Modern video games compete in one of the most profitable, technically challenging, and labor-intensive industries in the world. The best games elevate themselves to an art form, but unlike paintings or music, their constraints are primarily technical. In the decades when PCs were still in their infancy and Windows had yet to dominate, the future of gaming lived in the imagination of a select few. In Masters of Doom, Kushner recounts how a handful of extraordinary individuals created the standards that have gone on to define the way games are made and sold.

John and John

Every large movement is the work of many, but Kushner's narrative focuses on two: John Carmack and John Romero. Carmack is described as a sort of programming genius with barely any social skills; Romero as an imaginative designer lacking emotional intelligence. At one point, Carmack essentially puts his cat down for peeing on the couch; numerous other sections of the book feature Romero screaming obscenities and smashing computers in tantrums. Carmack and Romero's childhoods are atypical. Romero grew up with an abusive stepfather who beat him for visiting the arcade; Carmack tried to steal Apple IIs when he was just 14.

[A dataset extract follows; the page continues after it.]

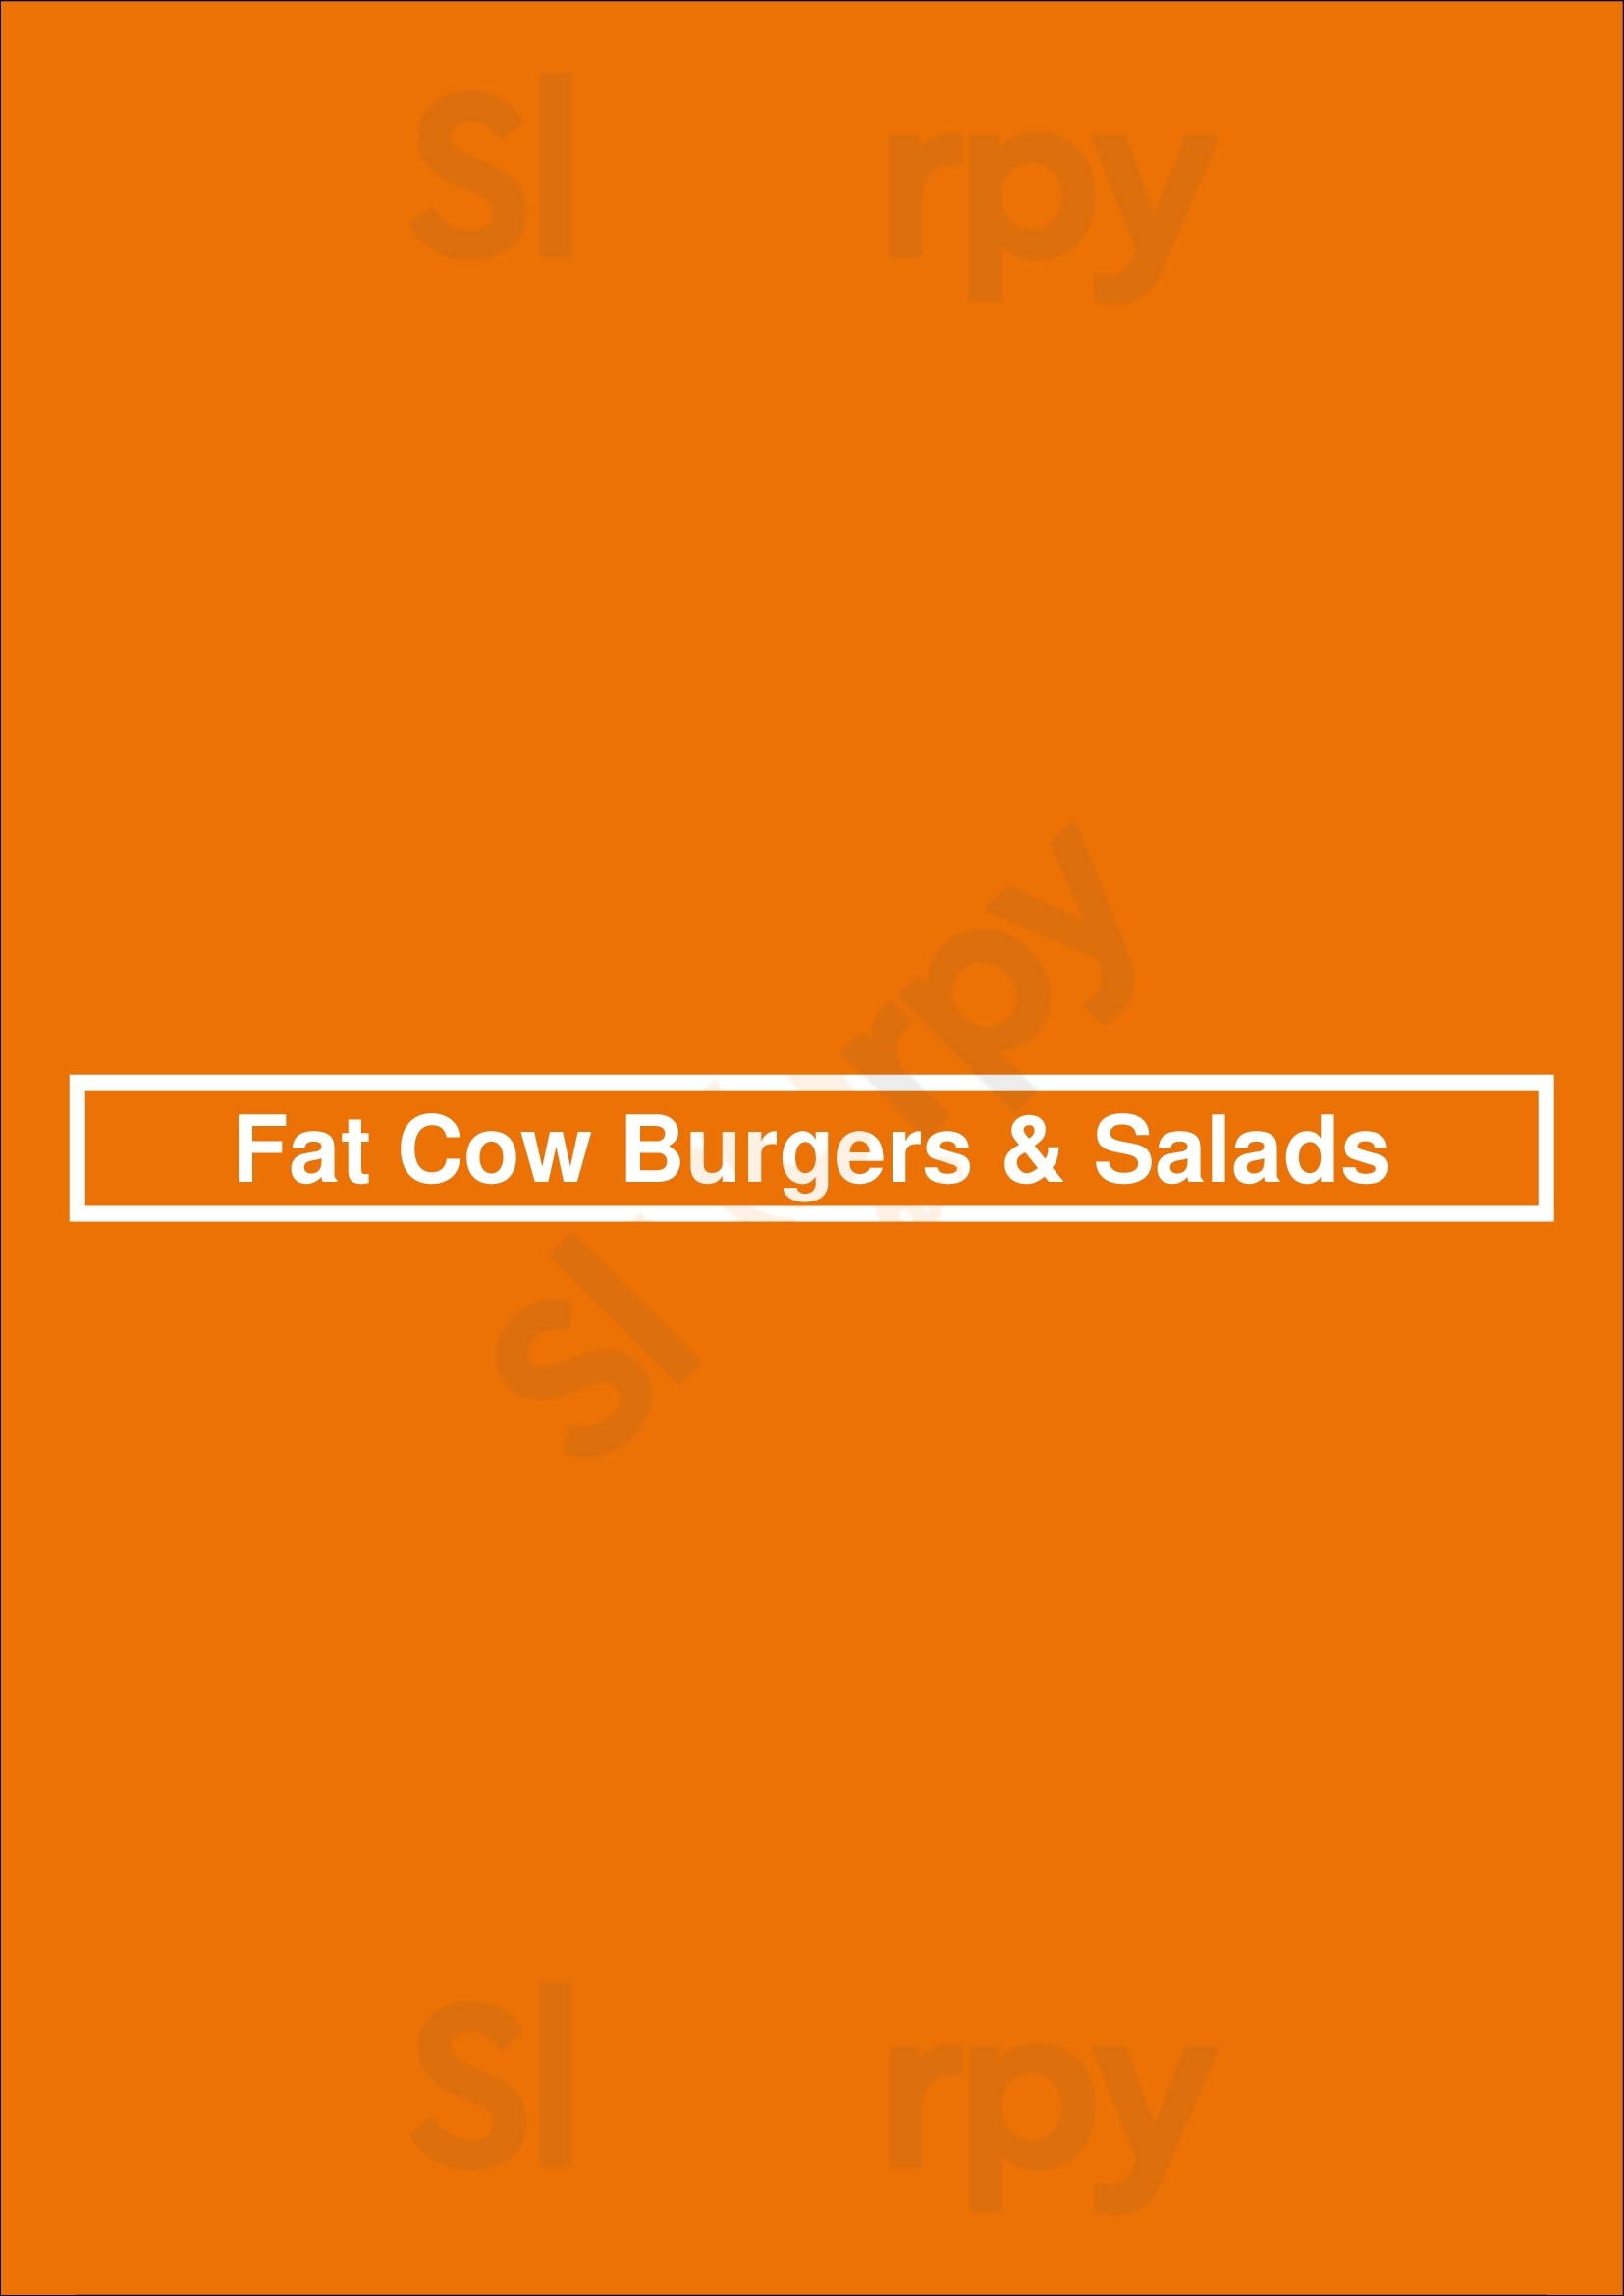 Fat Cow Burgers & Salads Baton Rouge Menu - 1

Late one night Carmack and his friends snuck up to a nearby school where they knew there were Apple II machines. Carmack had read about how a thermite paste could be used to melt through glass, but he needed some kind of adhesive material, like Vaseline. He mixed the concoction and applied it to the window, dissolving the glass so they could pop out holes to crawl through. A fat friend, however, had more than a little trouble squeezing inside; he reached through the hole instead and opened the window to let himself in. Doing so, he triggered the silent alarm. The cops came in no time.

Despite their flaws, Kushner argues that the two were the perfect match for each other when it came to building a company. Carmack's programming achievements are legendary; he was responsible for porting smooth scrolling from consoles to PCs, developing the prototypical 3D game engine, and pioneering networked multiplayer mode. The impression given is that Carmack's development of successive game engines was the crucial edge that allowed games like Wolfenstein, Keen, Doom, and Quake to dominate and redefine the field. Romero, on the other hand, had the initiative and gaming experience required for building the game itself. On a higher level, Kushner summarizes the difference between the founders as a fundamentally different approach to perception.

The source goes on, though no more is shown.